• _Recorded information_
-.-.-

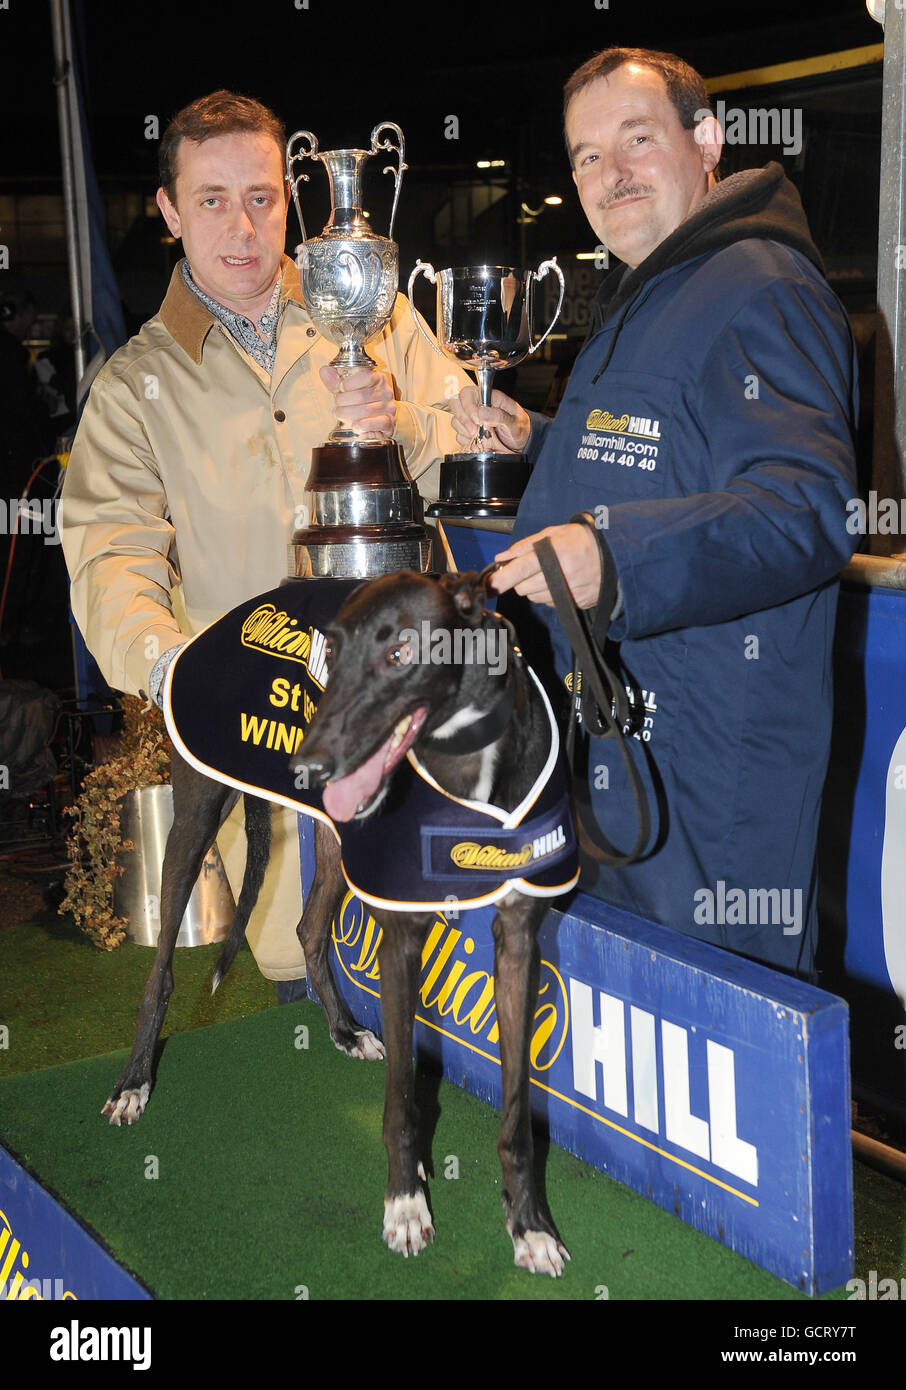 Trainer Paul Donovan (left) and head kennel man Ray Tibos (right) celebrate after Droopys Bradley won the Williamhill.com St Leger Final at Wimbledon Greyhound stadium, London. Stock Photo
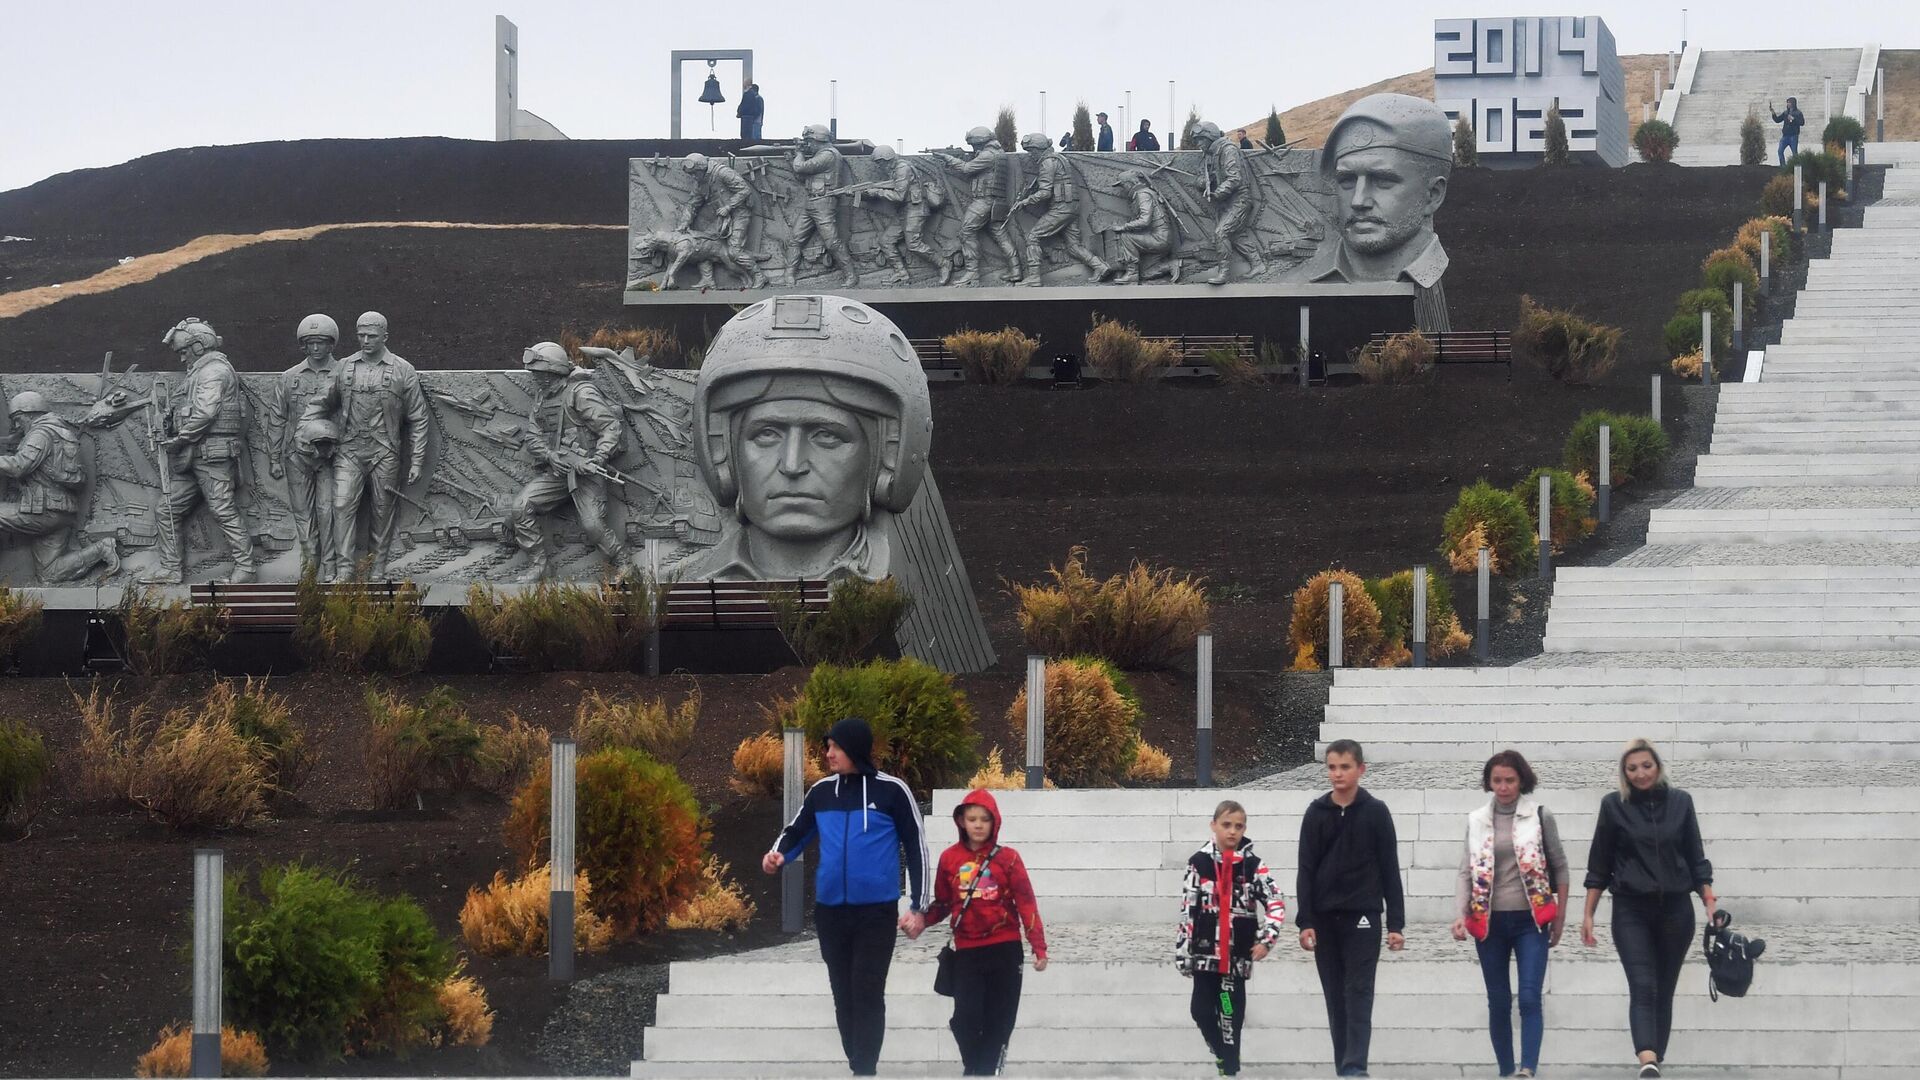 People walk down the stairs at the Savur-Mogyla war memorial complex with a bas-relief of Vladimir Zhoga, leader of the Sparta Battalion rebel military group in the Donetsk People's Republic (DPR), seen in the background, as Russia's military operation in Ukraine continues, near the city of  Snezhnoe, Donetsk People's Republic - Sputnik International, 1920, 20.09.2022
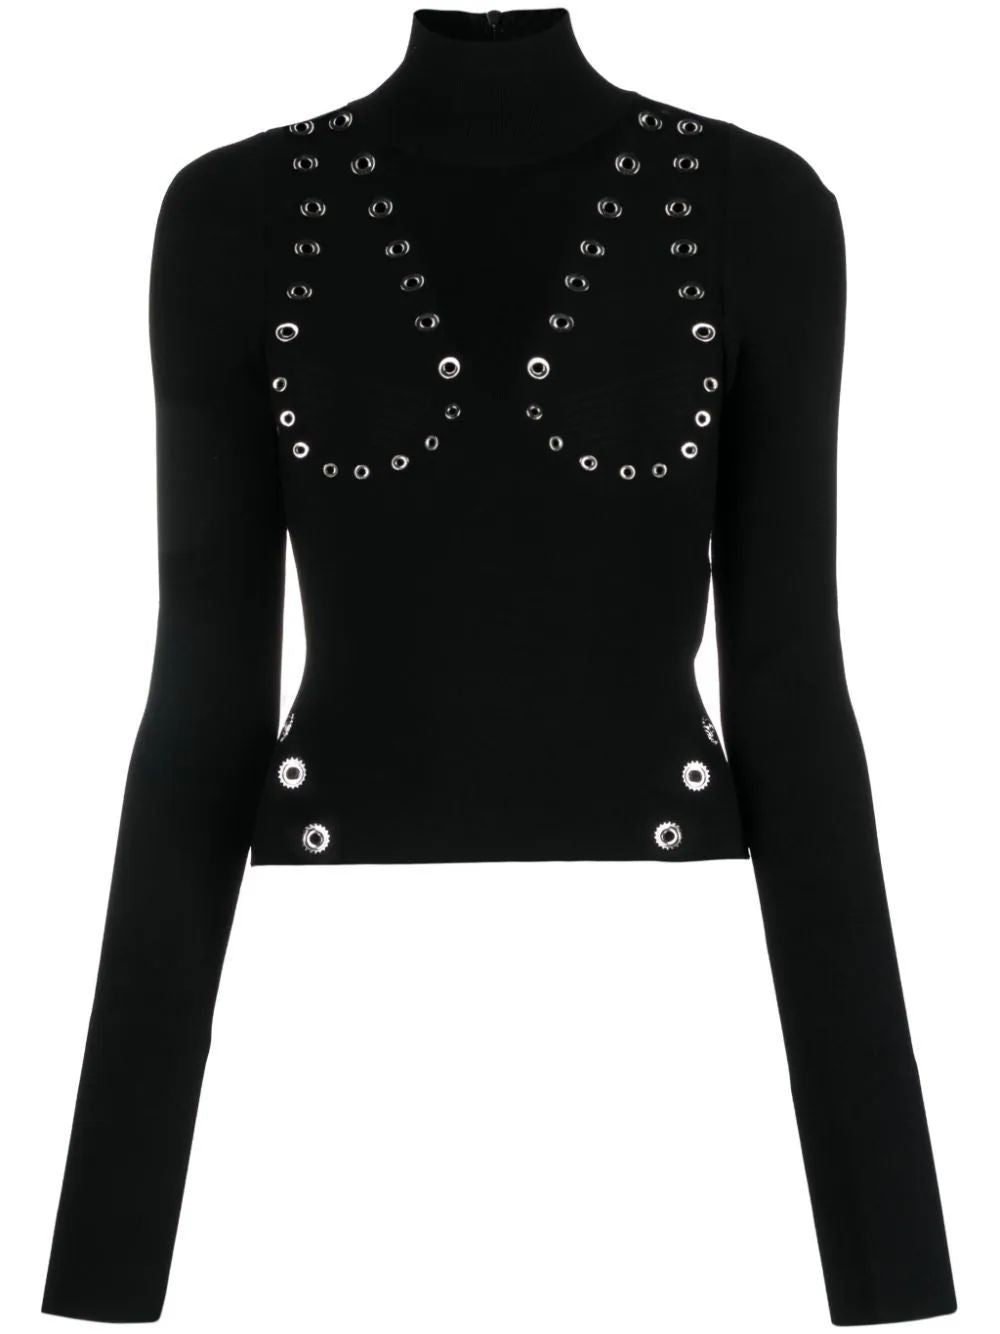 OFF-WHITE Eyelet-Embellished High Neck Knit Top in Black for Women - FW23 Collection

-.-.-

• _Task to carry out_
Every line of the listing is to be repeated exactly, and the pictures are to be dropped.

• _Written answer_
 Trainer Paul Donovan (left) and head kennel man Ray Tibos (right) celebrate after Droopys Bradley won the Williamhill.com St Leger Final at Wimbledon Greyhound stadium, London. Stock Photo
 People walk down the stairs at the Savur-Mogyla war memorial complex with a bas-relief of Vladimir Zhoga, leader of the Sparta Battalion rebel military group in the Donetsk People's Republic (DPR), seen in the background, as Russia's military operation in Ukraine continues, near the city of  Snezhnoe, Donetsk People's Republic - Sputnik International, 1920, 20.09.2022
 OFF-WHITE Eyelet-Embellished High Neck Knit Top in Black for Women - FW23 Collection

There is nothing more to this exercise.